Thanks to Rick and Del I now have two Lionel locomotives with lights and smoke (I like the 6 volt light I installed better than a LED). I just added a single diode to protect the 5V regulator which gives me a light in forward (only) which is what I wanted anyway.

The smoke also only works in forward but that is fine with me.

There were three main reasons why I wanted the 5 volt circuit:

1. the light reaches full intensity and stays at it quickly
2. the smoke does the same
3. I had some spare 5 volt smoke units so I did not have to buy any new ones.

Thanks Rick, Del and Shad - for making my task a LOT easier.

Jerry*


----------



## Del Tapparo (Jan 4, 2008)

Hey Jerry - Your right. this place is a great resource. I am sure there are many folks that get what they need from the archives. Thanks for telling us of your success.


----------



## Dan Pierce (Jan 2, 2008)

LGB runs their smoke units on 6 volts. 

You can get LM7806 regulators via mail order, lights will be bright and possibly burn out faster. 

OR, just add a diode to the 5 volt regulator ground leg and get an extra .7 volts. 5.7 volts works good and you can stil have 5 volts for lights. Lights go across the ground and 5 volt output, smoke goes to the other side of the diode and output. 

http://1stclass.mylargescale.com/DanPierce/LM7805_2diodes.GIF


----------



## Jerry McColgan (Feb 8, 2008)

Hi Dan,

I'm not quite clear on the difference but I wired a diode to the positive input of the regulator and ended up with 6.4 volts. Since I bought and used Radio Shack 6 volt 100ma lights I figure the 6.4 volts should work for both the LGB smoke units and Radio Shack light bulbs.

http://www.radioshack.com/product/index.jsp?productId=2103785&cp=2032058.2032232.2032295&parentPage=family

*6V/100mA Incandescent Bulb (2-Pack)*


----------



## Dan Pierce (Jan 2, 2008)

A diode in series with a load will drop the voltage to the load. 

In the case of my diagram, the diode on the ground leg of the regulator will raise the voltage if you tie one bulb lead to the minus side of the diode bridge and the other lead to the output lead of the regulator. 

Some diodes drop .7 volts, others do .3 volts. Always verify with a meter after building the circuit. 

In my diagram, you could use the LM7806 regulator and add a single diode that drops .3 volts and this is what you may have done. 

Take a picture of your circuit so i can see how you hooked up the diode.


----------



## Jerry McColgan (Feb 8, 2008)

Hi Dan,

I've reassembled the locos so a photo would mean disassembling on of them.
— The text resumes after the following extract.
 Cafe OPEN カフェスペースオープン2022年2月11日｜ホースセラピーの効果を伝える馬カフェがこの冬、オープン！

What I did is pretty simple.

1. I used the center of the regulator as a common ground to the negative from the drivers (track) and also to one side of the light and smoke units.

2. The input of the regulator was connected to the bar side of the diode. the blank side of the diode was then connected to the positive from the drivers (track). 
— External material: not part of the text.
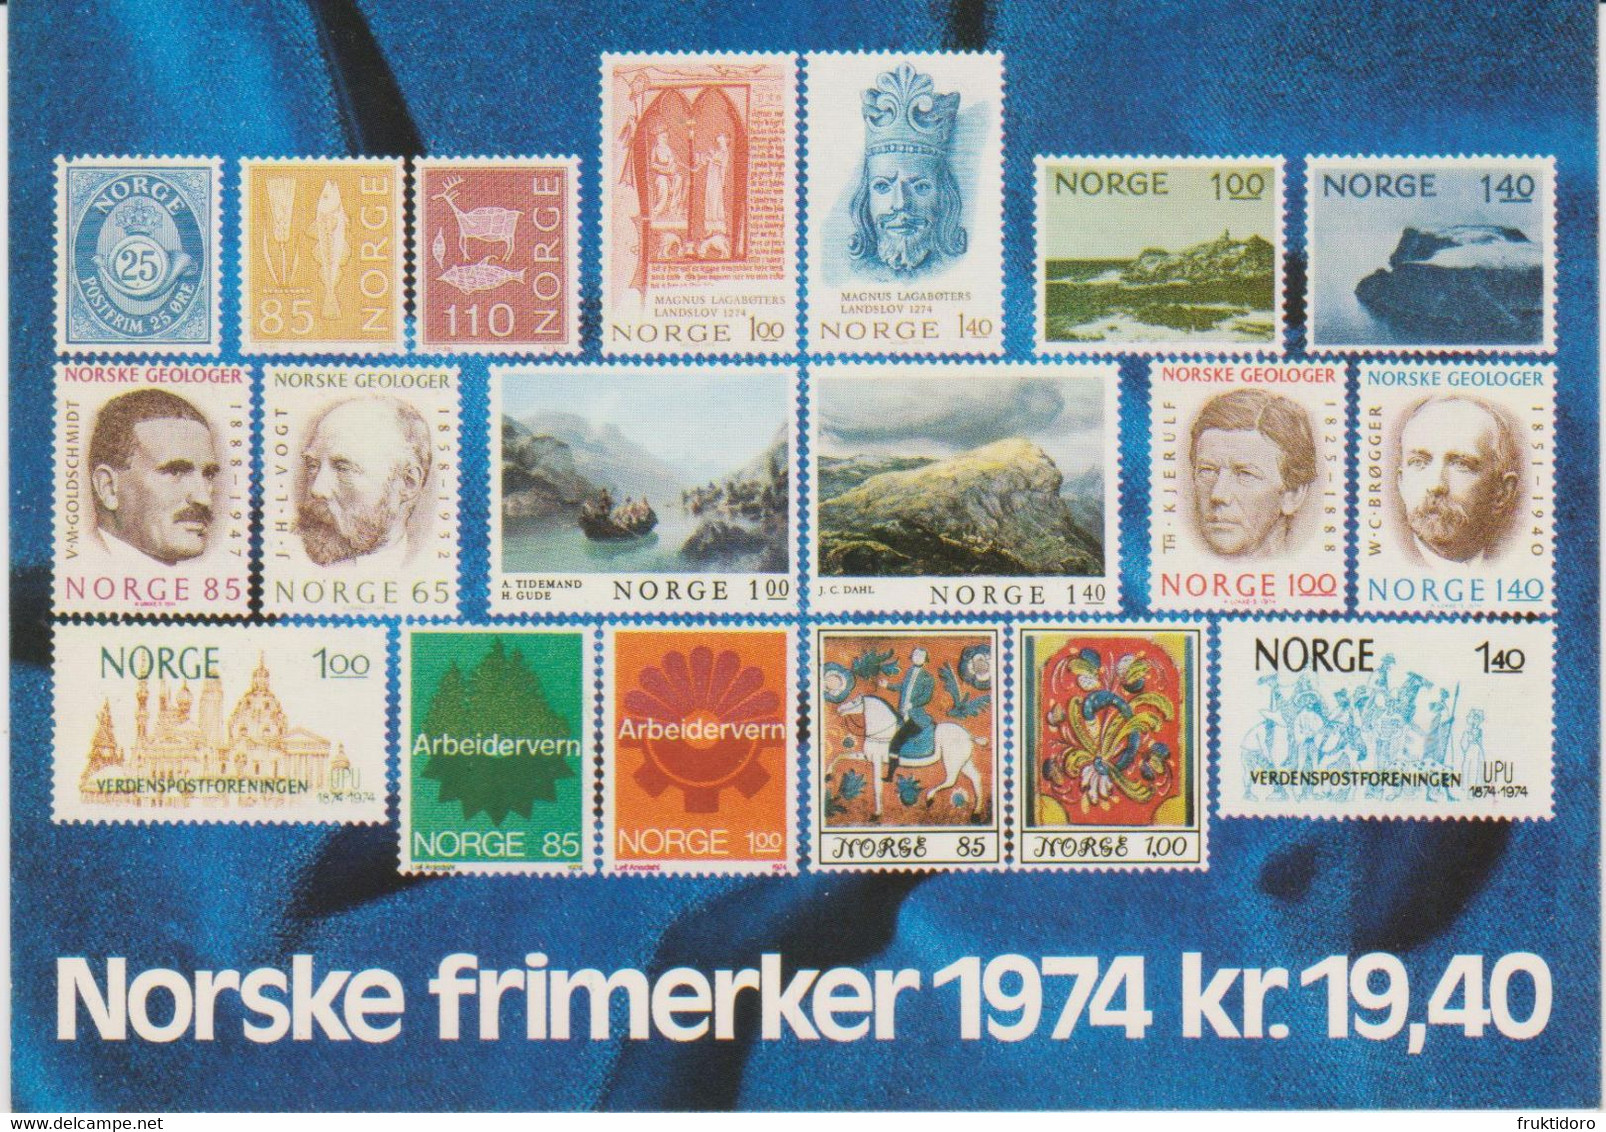 Norway Year Set Norwegian Stamps 1974 - Posthorn - North Cape - Magnus Lagabøte's State Law - Industrial Safety ** - Volledig Jaar

3. The output of the regulator was connected to the other leads to the light and smoke unit.

Both the smoke unit and the light are wired the same.

I get mixed up on the positive and negative of the diodes so I simply use an ammeter to tell me when I have it hooked up right. Then the light coming on in forward confirms it.

In addition I connected a LGB wiring harness (from their 68333 light) through the back of the tender to MU with a trailing sound car but that was simply connected to the driver wires and is not part of the 6 volt circuit.

Jerry


Posted By Dan Pierce on 03/20/2008 5:27 AM

Take a picture of your circuit so i can see how you hooked up the diode.


----------



## Torby (Jan 2, 2008)

A diode conducts when the BAR end is negative.


----------



## Dan Pierce (Jan 2, 2008)

Jerry, I fully understand how you hooked up the regulator. 

Reason for 6.4 volts could be a meter reads the possible oscillations from not using a .1uf capacitor on the input and output of the regulator. 

Your diode protects the regulator from having reversed voltage input. I use a diode bridge so reversing track power still allows my regulator to function.


----------



## Jerry McColgan (Feb 8, 2008)

Thanks everyone.

Jerry


----------